Scikit-Learn GridSearchCV KNeighborsRegressor

Hyperparameter tuning is a crucial step in optimizing machine learning models for best performance. In this example, we’ll demonstrate how to use scikit-learn’s GridSearchCV to perform hyperparameter tuning for KNeighborsRegressor, a popular algorithm for regression tasks.

Grid search is a method for evaluating different combinations of model hyperparameters to find the best performing configuration. It exhaustively searches through a specified parameter grid, trains and evaluates the model for each combination using cross-validation, and selects the hyperparameters that yield the best performance metric.

KNeighborsRegressor is a regression model that predicts the target for a data point by averaging the targets of its nearest neighbors in the feature space. It is straightforward but can be very effective for certain types of regression problems.

The key hyperparameters for KNeighborsRegressor include the number of neighbors (n_neighbors), which determines how many neighbors are used in the prediction; the weights function (weights), which decides whether all neighbors are weighted equally or closer neighbors have more influence; and the algorithm used to compute the nearest neighbors (algorithm), which can affect the efficiency of the model.

from sklearn.datasets import make_regression
from sklearn.model_selection import train_test_split, GridSearchCV
from sklearn.neighbors import KNeighborsRegressor

# Generate synthetic regression dataset
X, y = make_regression(n_samples=1000, n_features=10, noise=0.1, random_state=42)

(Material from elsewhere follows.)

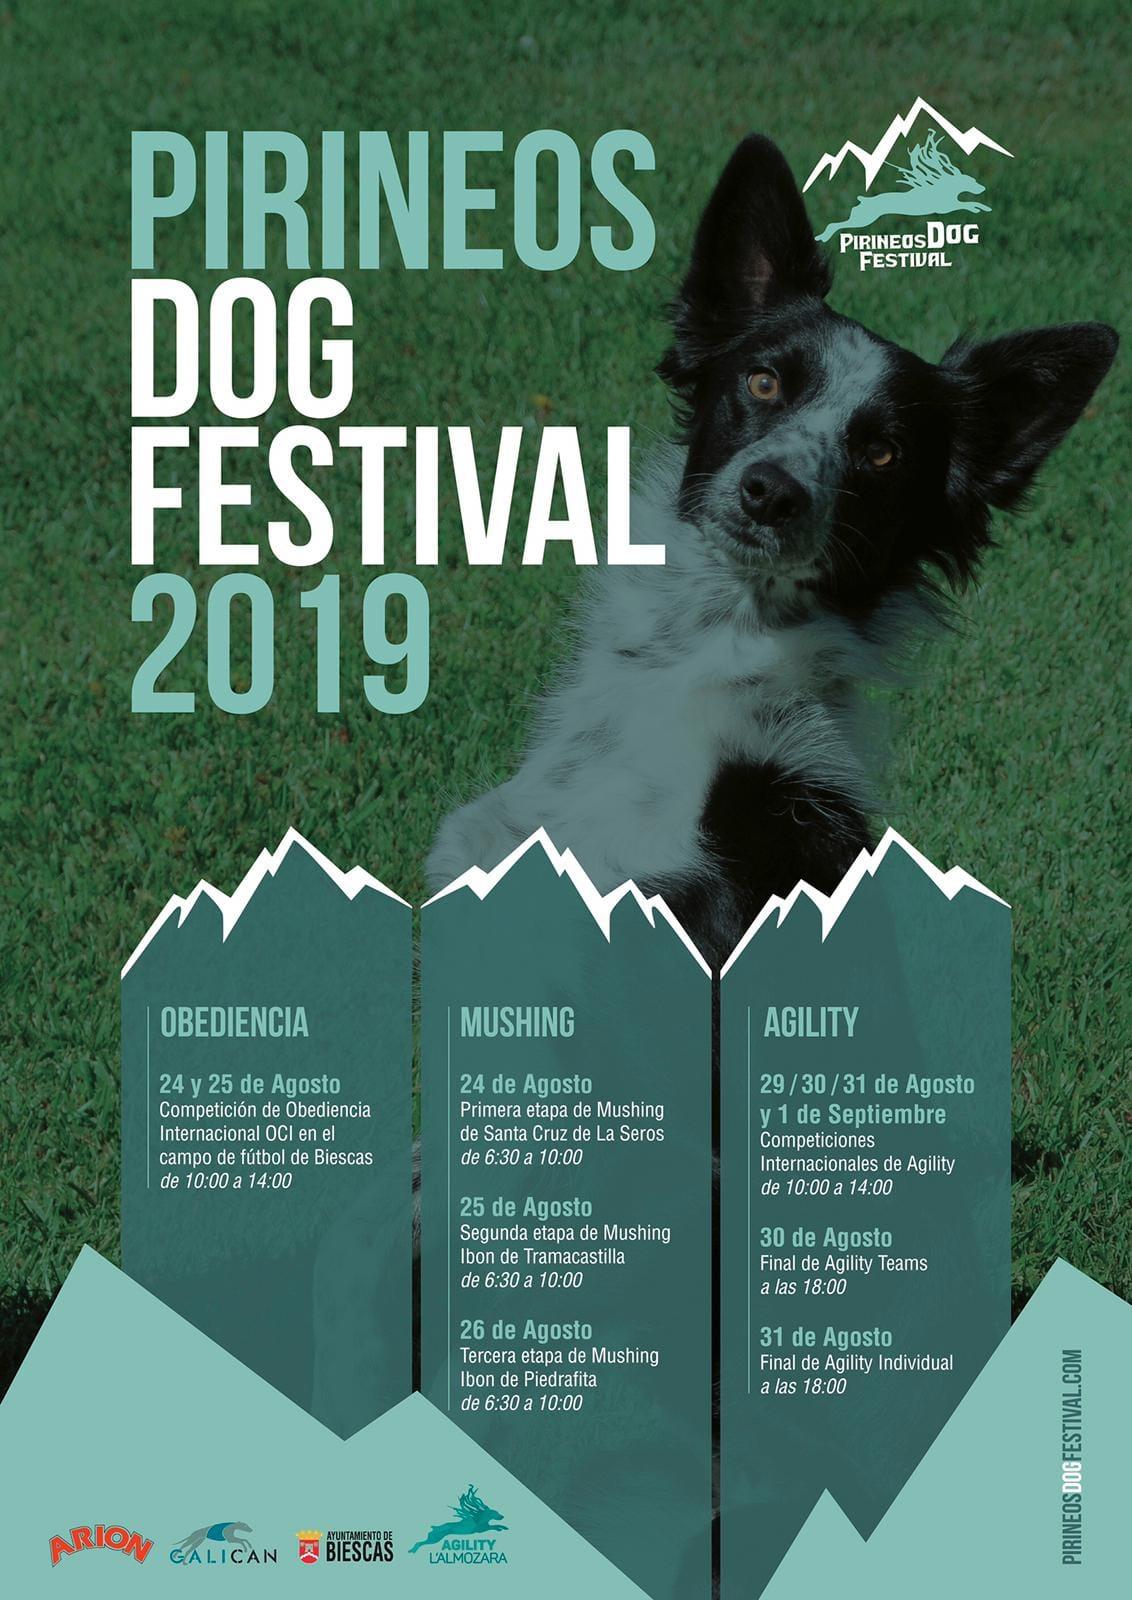 Pirineos Dog Festival

# Split into train and test sets
X_train, X_test, y_train, y_test = train_test_split(X, y, test_size=0.2, random_state=42)

# Define parameter grid
param_grid = {
    'n_neighbors': [3, 5, 7, 9],
    'weights': ['uniform', 'distance'],
    'algorithm': ['auto', 'ball_tree', 'kd_tree', 'brute']
}

# Perform grid search
grid_search = GridSearchCV(estimator=KNeighborsRegressor(),
                           param_grid=param_grid,
                           cv=5,
                           scoring='neg_mean_squared_error')
grid_search.fit(X_train, y_train)

# Report best score and parameters
print(f"Best score: {grid_search.best_score_:.3f}")
print(f"Best parameters: {grid_search.best_params_}")

# Evaluate on test set
best_model = grid_search.best_estimator_
test_score = best_model.score(X_test, y_test)
print(f"Test set score: {test_score:.3f}")

Running the example gives an output like:

Best score: -4205.617
Best parameters: {'algorithm': 'auto', 'n_neighbors': 5, 'weights': 'distance'}
Test set score: 0.781

The steps are as follows:

1. Generate a synthetic regression dataset using make_regression.
2. Split the dataset into train and test sets using train_test_split.
3. Define the parameter grid with different values for n_neighbors, weights, and algorithm hyperparameters.
4. Perform grid search using GridSearchCV, specifying the KNeighborsRegressor model, parameter grid, 5-fold cross-validation, and negative mean squared error scoring metric.
5. Report the best cross-validation score and best set of hyperparameters found by grid search.
6. Evaluate the best model on the hold-out test set and report the score.

By using GridSearchCV, we can efficiently explore different hyperparameter settings and identify the optimal configuration for our KNeighborsRegressor model, ensuring better performance on regression tasks.